FLT3 mutations are the most common mutations seen in newly diagnosed acute myeloid leukemia, and the most common FLT3 mutation, internal tandem duplication, unfortunately portends a poor prognosis for patients with acute myeloid leukemia.
The RATIFY trial demonstrated that adding midostaurin to standard induction therapy improves survival in patients with AML who have FLT3 mutations...
FLT3 mutations are the most common mutations seen in newly diagnosed acute myeloid leukemia, and the most common FLT3 mutation, internal tandem duplication, unfortunately portends a poor prognosis for patients with acute myeloid leukemia.
The RATIFY trial demonstrated that adding midostaurin to standard induction therapy improves survival in patients with AML who have FLT3 mutations. However, we all know that midostaurin is not a very specific or potent FLT3 inhibitor. There are newer generation FLT3 inhibitors and one of them is gilteritinib. And gilteritinib has been approved for use in patients with relapsed and refractory FLT3 AML because it improves survival in that patient population. So we wanted to ask the question of whether using gilteritinib rather than midostaurin in patients with newly diagnosed AML with FLT3 mutations would improve the outcomes, given that it is a more potent and stronger and more specific FLT3 inhibitor.
So we chose to ask investigators to send for central analysis marrows on any patient in whom they suspected acute myeloid leukemia. Centrally, we did FLT3 mutation testing and NPM1 mutation testing, and patients who had a FLT3 mutation were then chosen to be on trial and randomized to either receive standard chemotherapy with daunorubicin, cytarabine, and midostaurin, or standard chemotherapy with daunorubicin and cytarabine and gilteritinib.
We initially included patients only up to the age of 65, and we later allowed patients up to the age of 70. The inhibitor, either midostaurin or gilteritinib started on day eight. We initially required that results be available from the central testing before patients could be enrolled on the trial. However, we later decided that we would allow patients to start chemotherapy as long as they receive the same agents and the same doses of daunorubicin and cytarabine and enrolled in the trial before the randomization needed to happen by day eight. So those were two of the early amendments that were made.
A total of 177 patients were enrolled in the trial. And again, half received midostaurin and the other group received gilteritinib. The primary endpoint of the trial, we decided in order to get a quick look, we wanted to see what the outcome was in terms of the likelihood of becoming FLT3 mutation negative at the time of complete remission after one course of therapy, after induction therapy, which could be one or two cycles of induction chemotherapy. So all patients were assessed again for presence of the FLT3 mutation centrally at the end of induction therapy, and that was our primary endpoint, FLT3 mutation negative complete remission, or composite complete remission.

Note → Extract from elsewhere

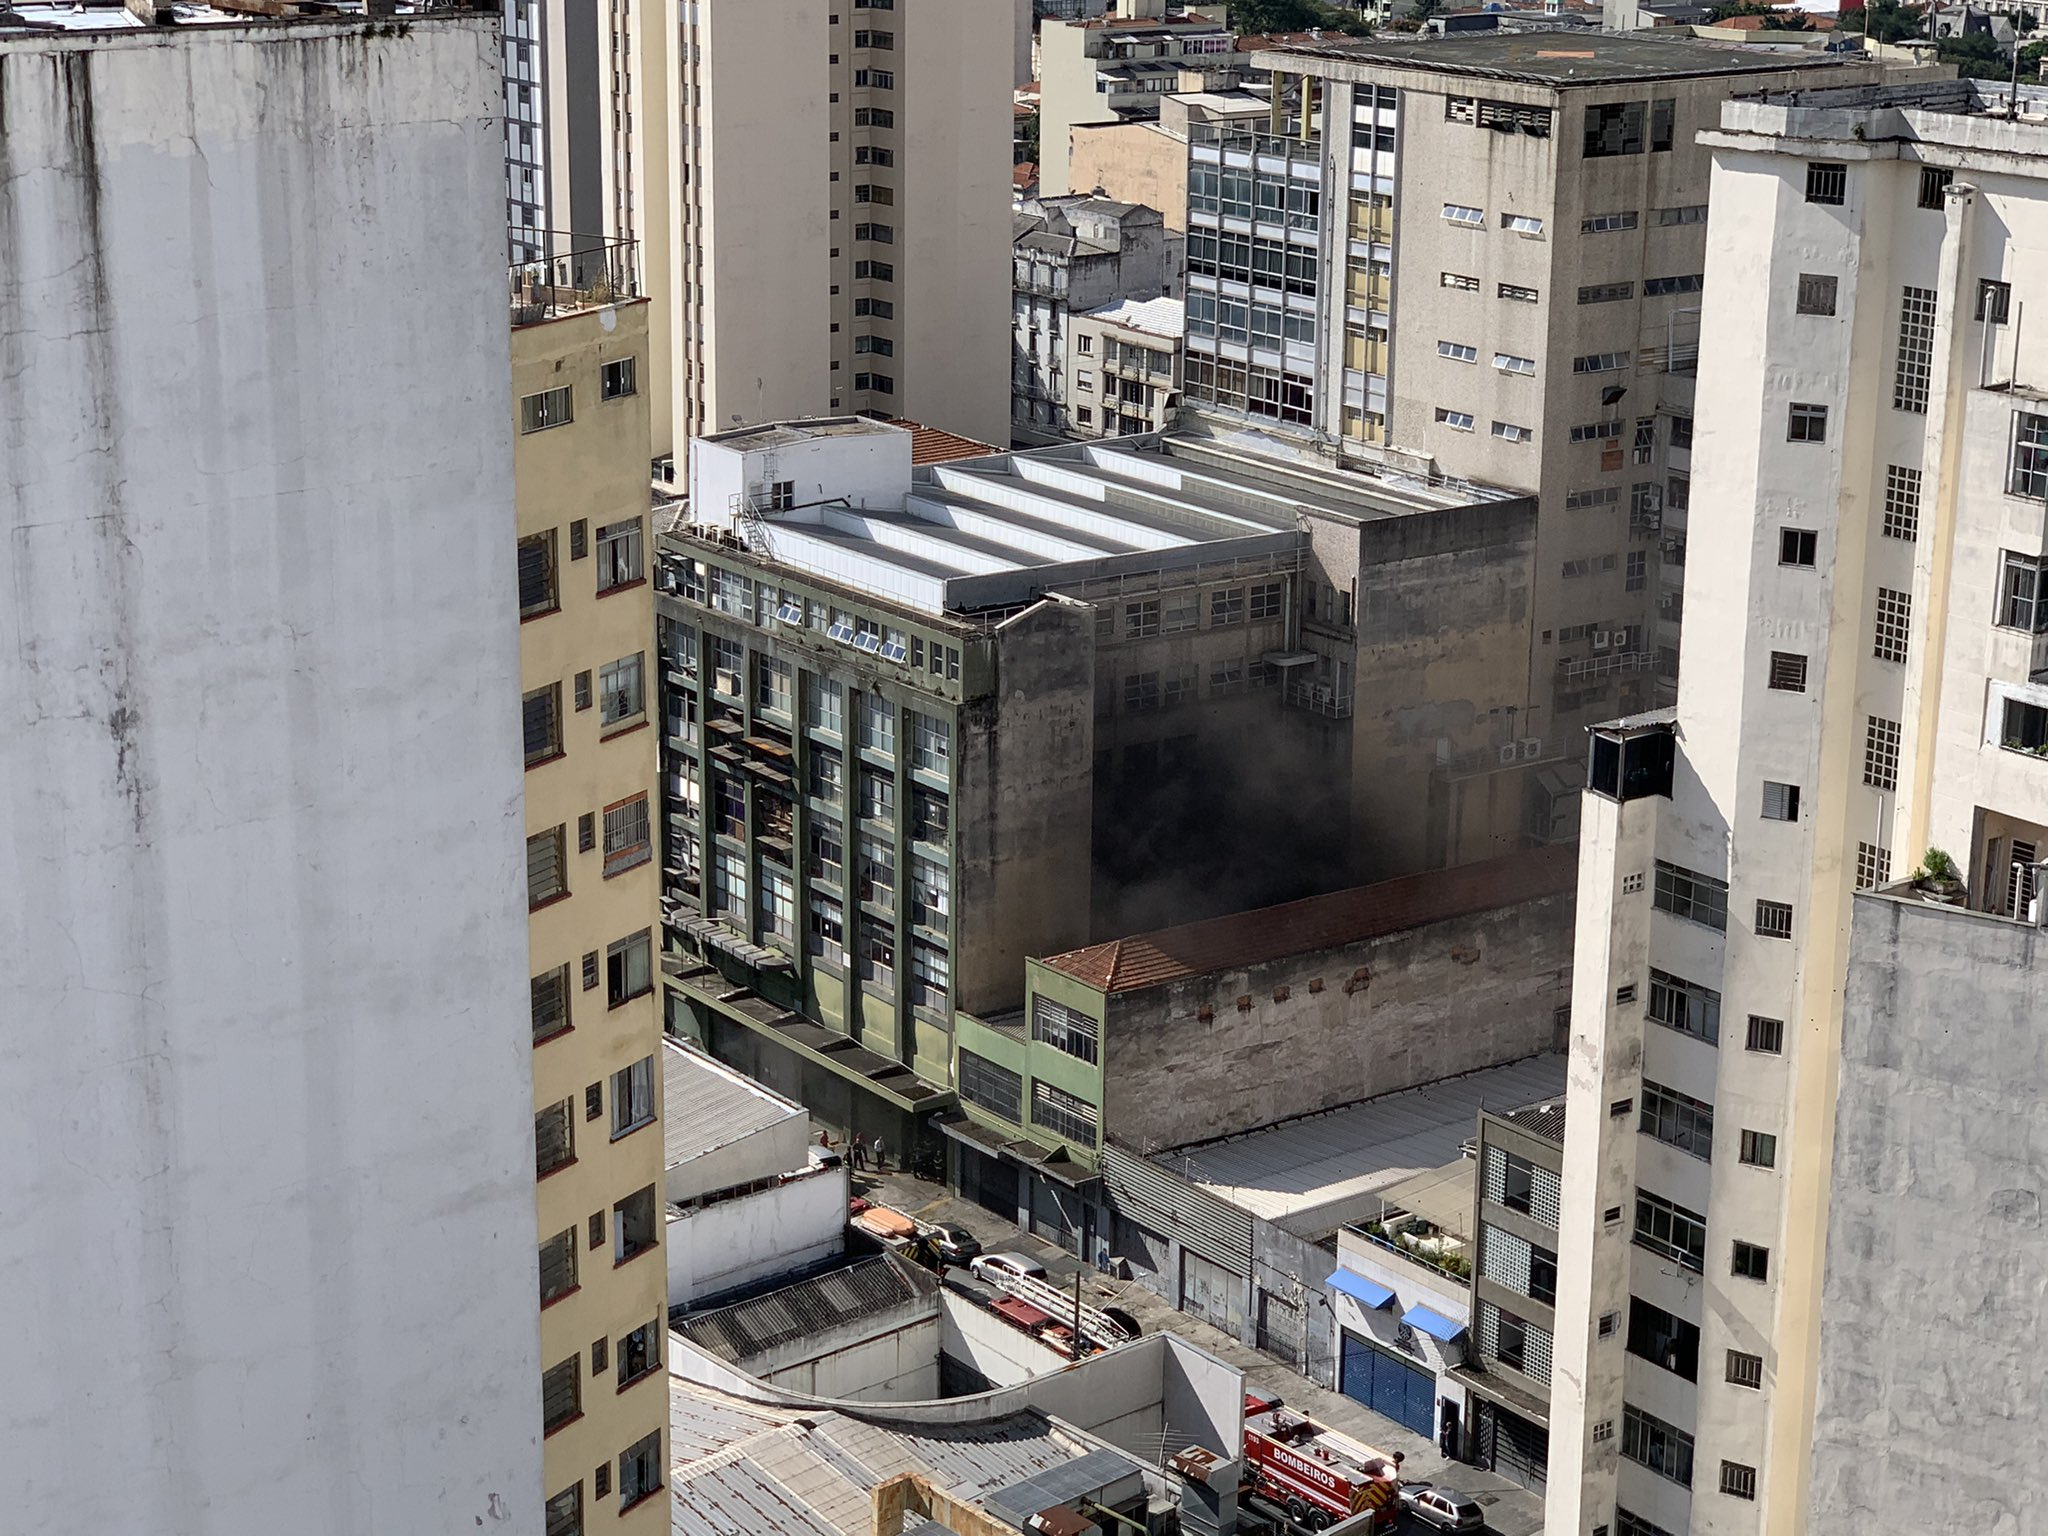 Incêndio atinge prédio sede do jornal Folha de S. Paulo

We also had secondary endpoints, which were just the remission status itself, looking at measurable residual disease by flow cytometry, which is considered the standard way of looking at measurable residual disease in AML. And later on in the trial, when we learned more about the kinetics of FLT3 mutations and MRD, we decided to look at mutation status at the end of the first cycle of high-dose cytarabine consolidation. Patients after induction who were in a complete remission or complete remission with incomplete recovery of counts could proceed to high-dose cytarabine consolidation, again, with either gilteritinib and midostaurin, depending on what they were randomized initially, and they could also proceed to allogeneic transplant at any time once in remission. They received the TKI with consolidation therapy, they did not receive TKI after allogeneic transplant.
In this trial, we were able to demonstrate a very, very high remission rate with over 85% of patients achieving a complete remission if they received daunorubicin, cytarabine, and gilteritinib. And there was a higher number of patients achieving a composite complete remission if they received daunorubicin, gilteritinib, compared to daunorubicin, cytarabine, and midostaurin. And if we looked at flow cytometry for MRD, we similarly were able to show that more patients who received daunorubicin, cytarabine, and gilteritinib achieved a flow MRD negative remission compared to those who received daunorubicin, cytarabine, and midostaurin. However, our primary endpoint was MRD negativity by FLT3 mutation analysis, and we were not able to show an improvement by MRD analysis by FLT3 mutation for those who received gilteritinib compared to those who received midostaurin.
However, we also looked at subsequent therapies and we were able to demonstrate that more patients who received gilteritinib went on to receive consolidation therapy and more patients who received gilteritinib went on to receive allogeneic transplant, which we know is critical in the long-term care and survival of this patient population.
So really what we learned from this trial is that we can achieve very, very high remission rates with daunorubicin, cytarabine, and gilteritinib in patients up to the age of 70, and that the majority of patients who receive that regimen are able to proceed to allogeneic transplant in first remission. What we don’t know is how does that impact survival, and we also don’t know when should we really be looking at MRD negativity by mutation in order to best understand its impact on survival.